Please help me fix this… Thank you in advance :blush:

Hey @sabieworld,
It seems that your intents are quite close and the NLU struggles a bit classifying them when using the default configuration.
The default configuration uses a logistic regression to perform the intent classification, and it does so by looking at unigrams only.

The idea is to update this configuration to also take bigrams into account.
You can do so by running the following:

import io
import json
from copy import deepcopy

from snips_nlu import SnipsNLUEngine
from snips_nlu.default_configs.config_en import CONFIG as CONFIG_EN

custom_config = deepcopy(CONFIG_EN)
custom_config["intent_parsers_configs"][1]["intent_classifier_config"][
    "featurizer_config"]["added_cooccurrence_feature_ratio"] = 0.25

engine = SnipsNLUEngine(config=custom_config)
with io.open("path/to/dataset.json", encoding="utf8") as f:
    dataset = json.load(f)

engine.fit(dataset)

print(engine.parse("show me developer jobs"))
print(engine.parse("I need a developer job"))
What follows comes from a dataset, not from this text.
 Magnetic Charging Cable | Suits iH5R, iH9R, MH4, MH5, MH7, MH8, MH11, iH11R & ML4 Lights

This configuration will probably work a bit better in your use case.
I hope this helps.
Cheers

1 Like

@adri Thank you for your fast response :heart: :slight_smile:

i applied that custom configuration. unfortunately, the problem is reversed now :frowning:

before:
I need a developer job => postJob (should be searchJob)
I need a developer => postJob

now:
I need a developer job => searchJob
I need a developer => searchJob (should be postJob)
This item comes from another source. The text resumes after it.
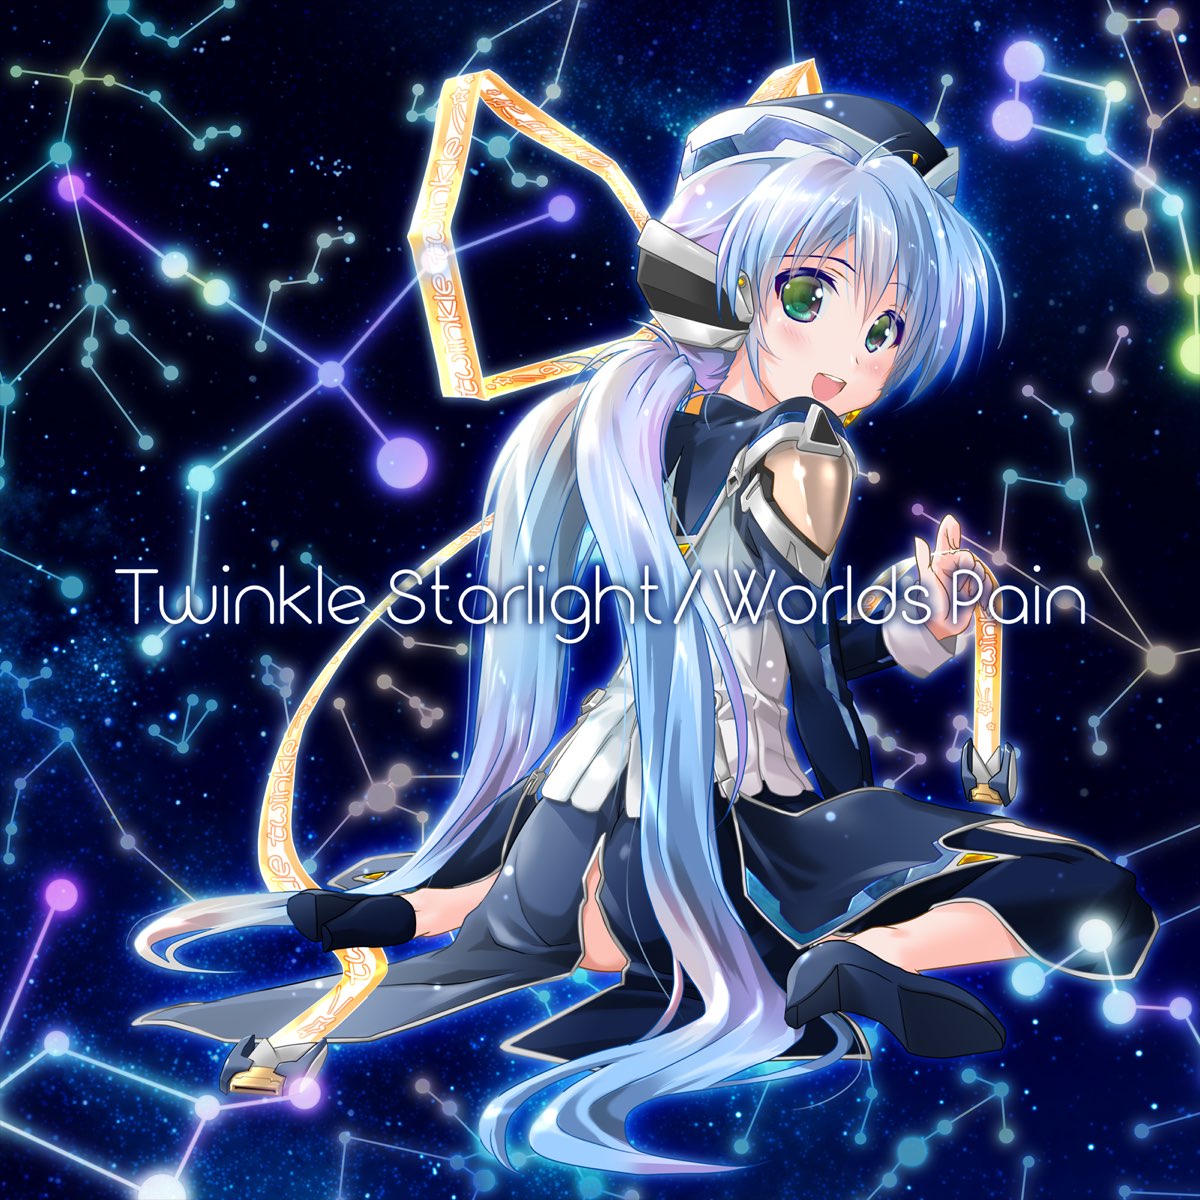 Anime Planetarian Ending Song Twinkle Starlight Image Song Worlds Pain Ep By Visualart S Key Sounds Label On Itunes

i tried by setting lower values for added_cooccurrence_feature_ratio . but no luck. is there any other configuration i can set to achieve this…?

it is more expected to say i need a developer when someone wants to hire and i need a developer job when someone wants to be hired. so i am unable to ignore those utterances. please let me know if there any further workaround available…

Thank you so much…:rose:

@adri The issue is fixed by setting a higher value for added_cooccurrence_feature_ratio.

it was a big mistake from my side. when the problem is reversed, i thought i should decrease the value to get it work :joy: . that is why i set a lower value.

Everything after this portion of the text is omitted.